◆ **WHAT IS REQUIRED**
Would you restate the full listing word for word and omit its pictures?

◆ **DATA EXCERPT**
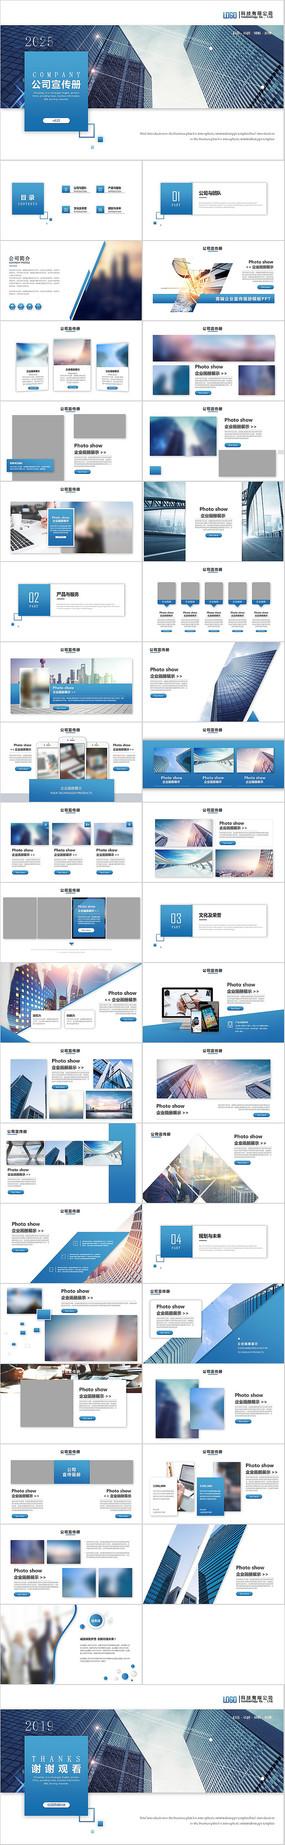 公司宣传介绍画册PPT模板
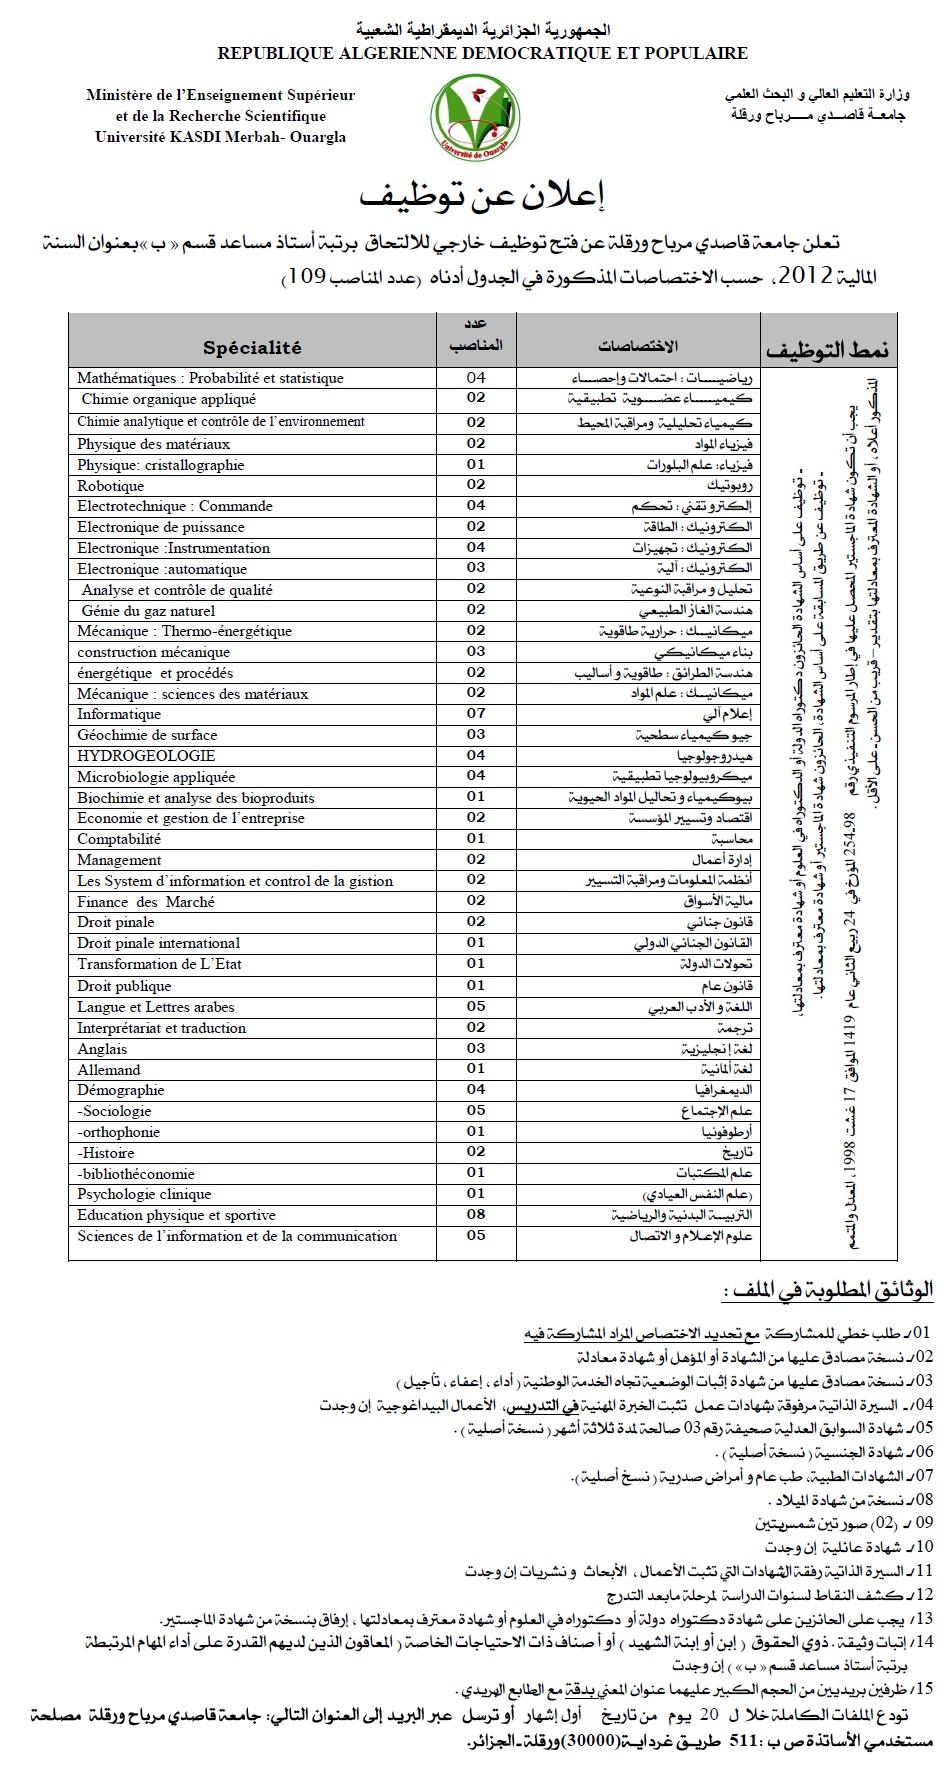 Université de Ouargla recrute des enseignants 2012 -2013   900044Ourgla2012
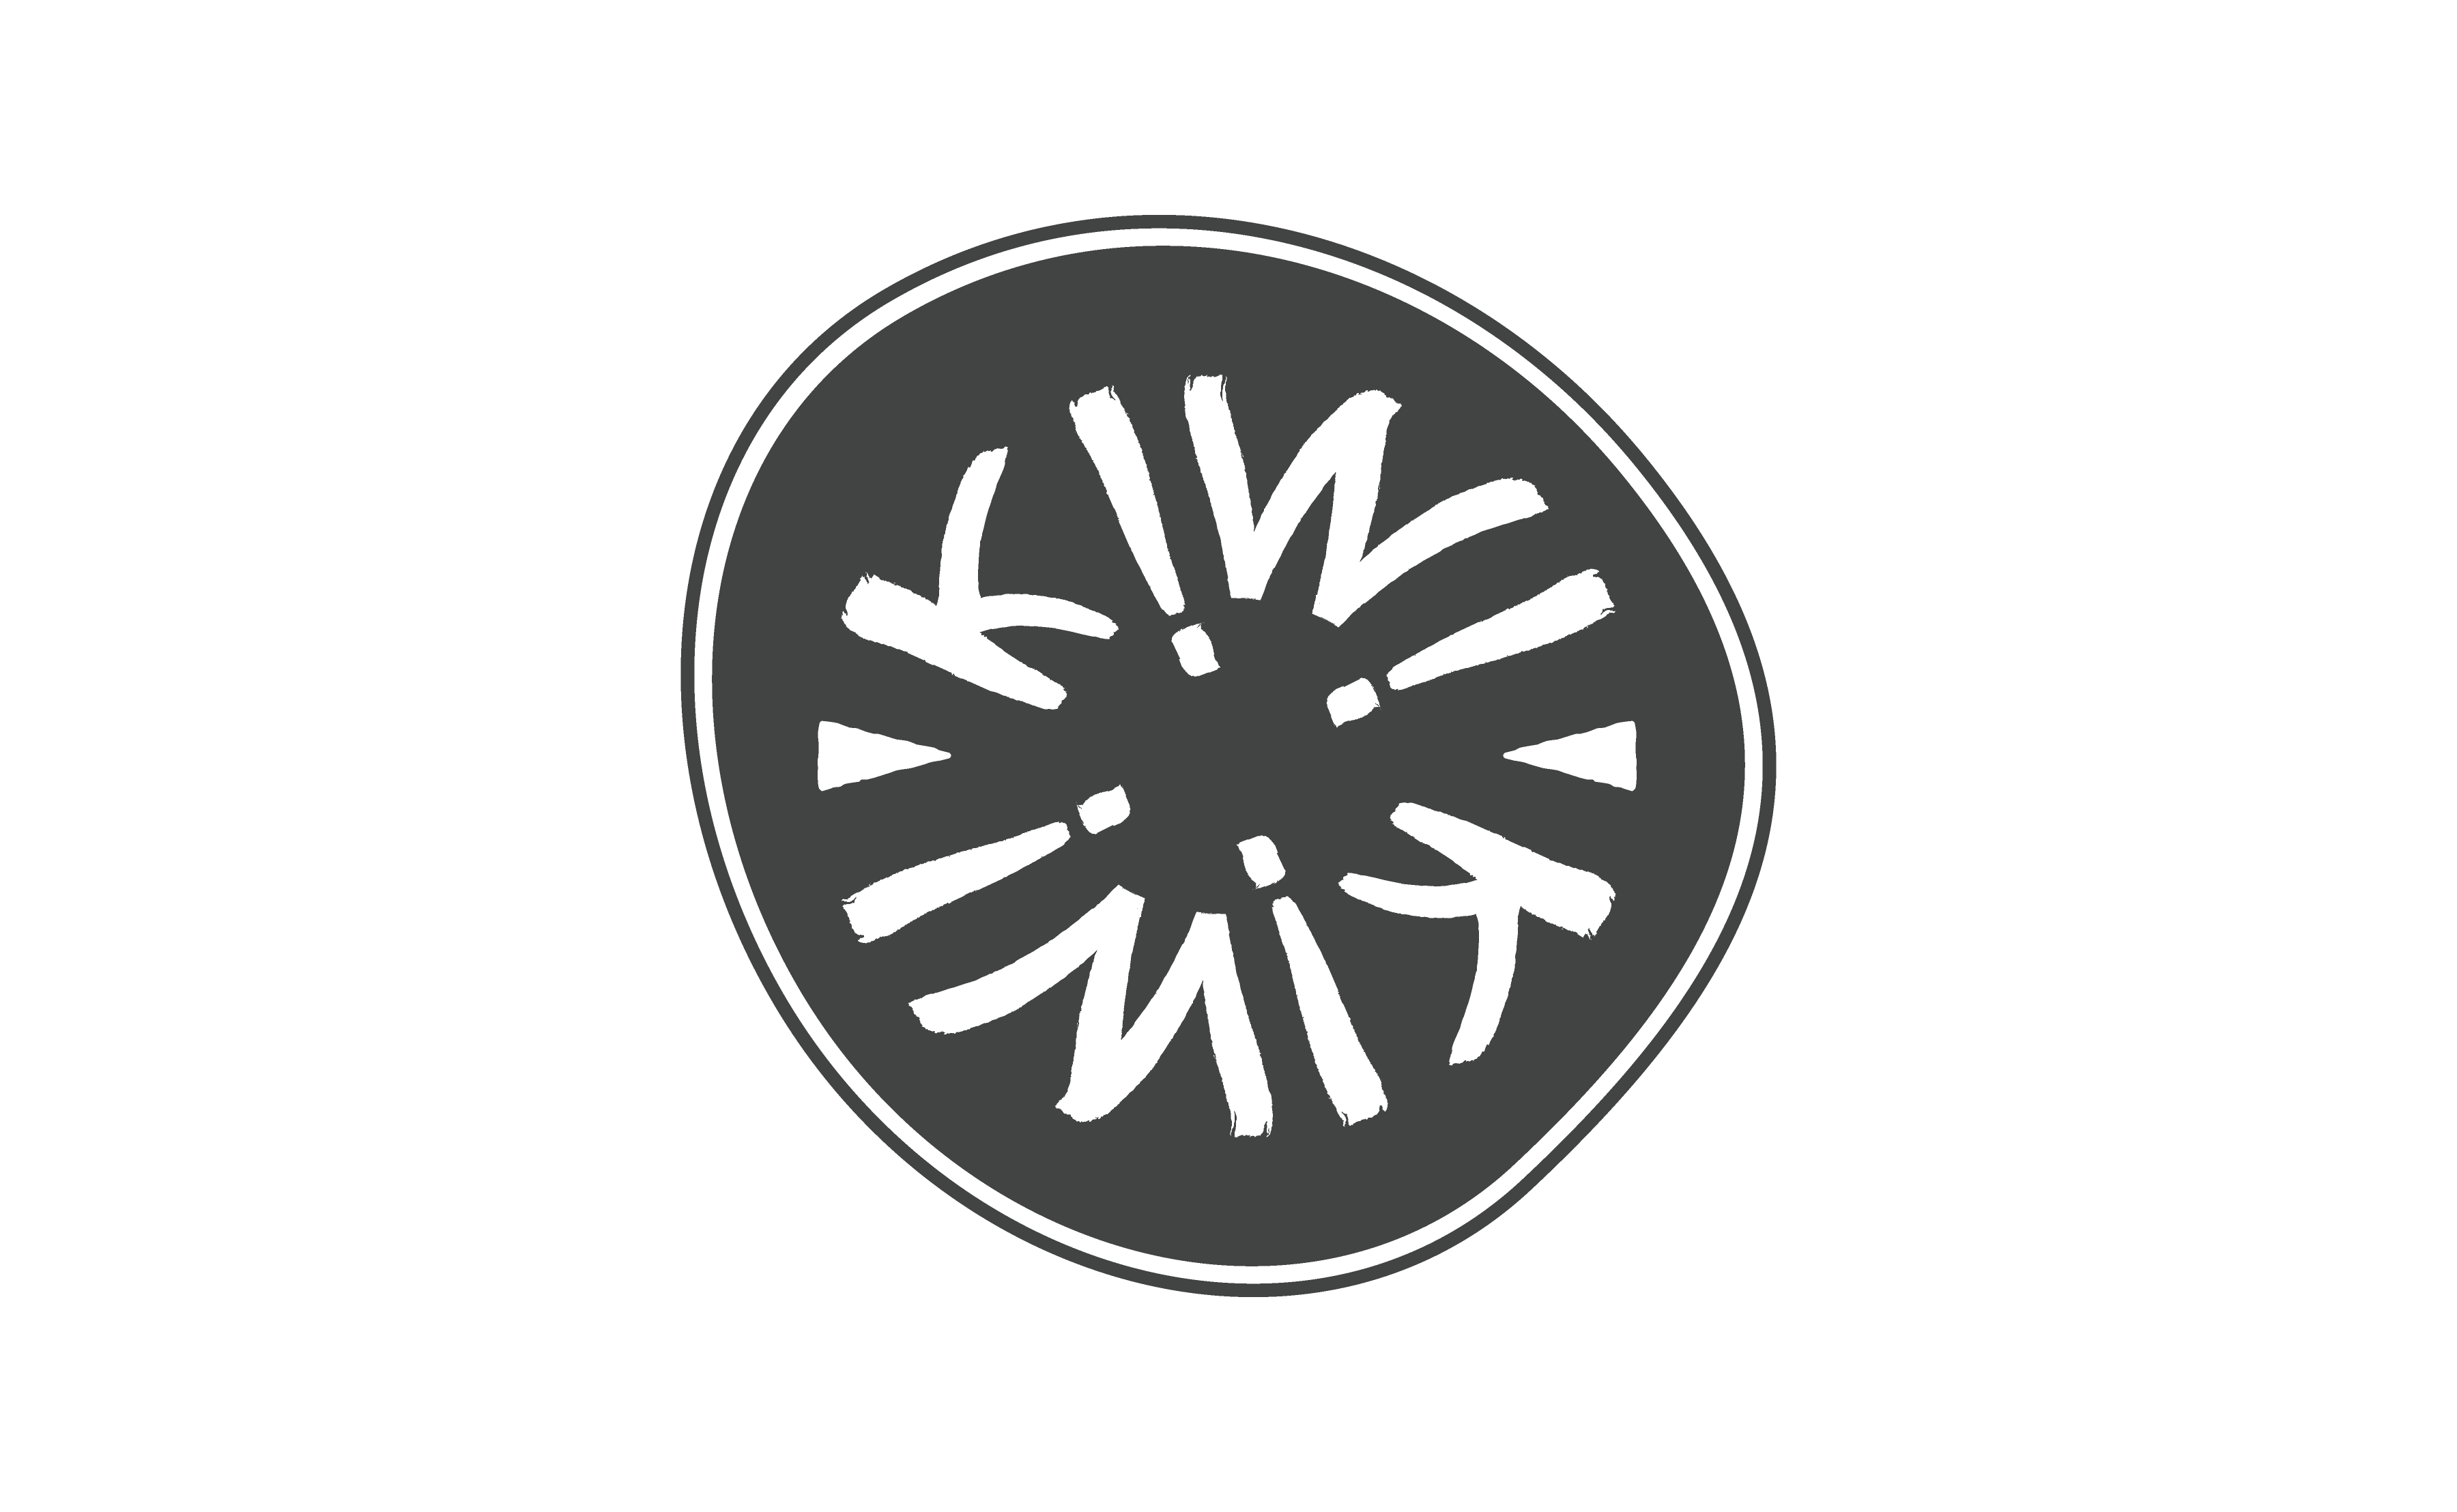 Kiwi Brand Logo

◆ **WRITTEN ANSWER**
 公司宣传介绍画册PPT模板
 Université de Ouargla recrute des enseignants 2012 -2013   900044Ourgla2012
 Kiwi Brand Logo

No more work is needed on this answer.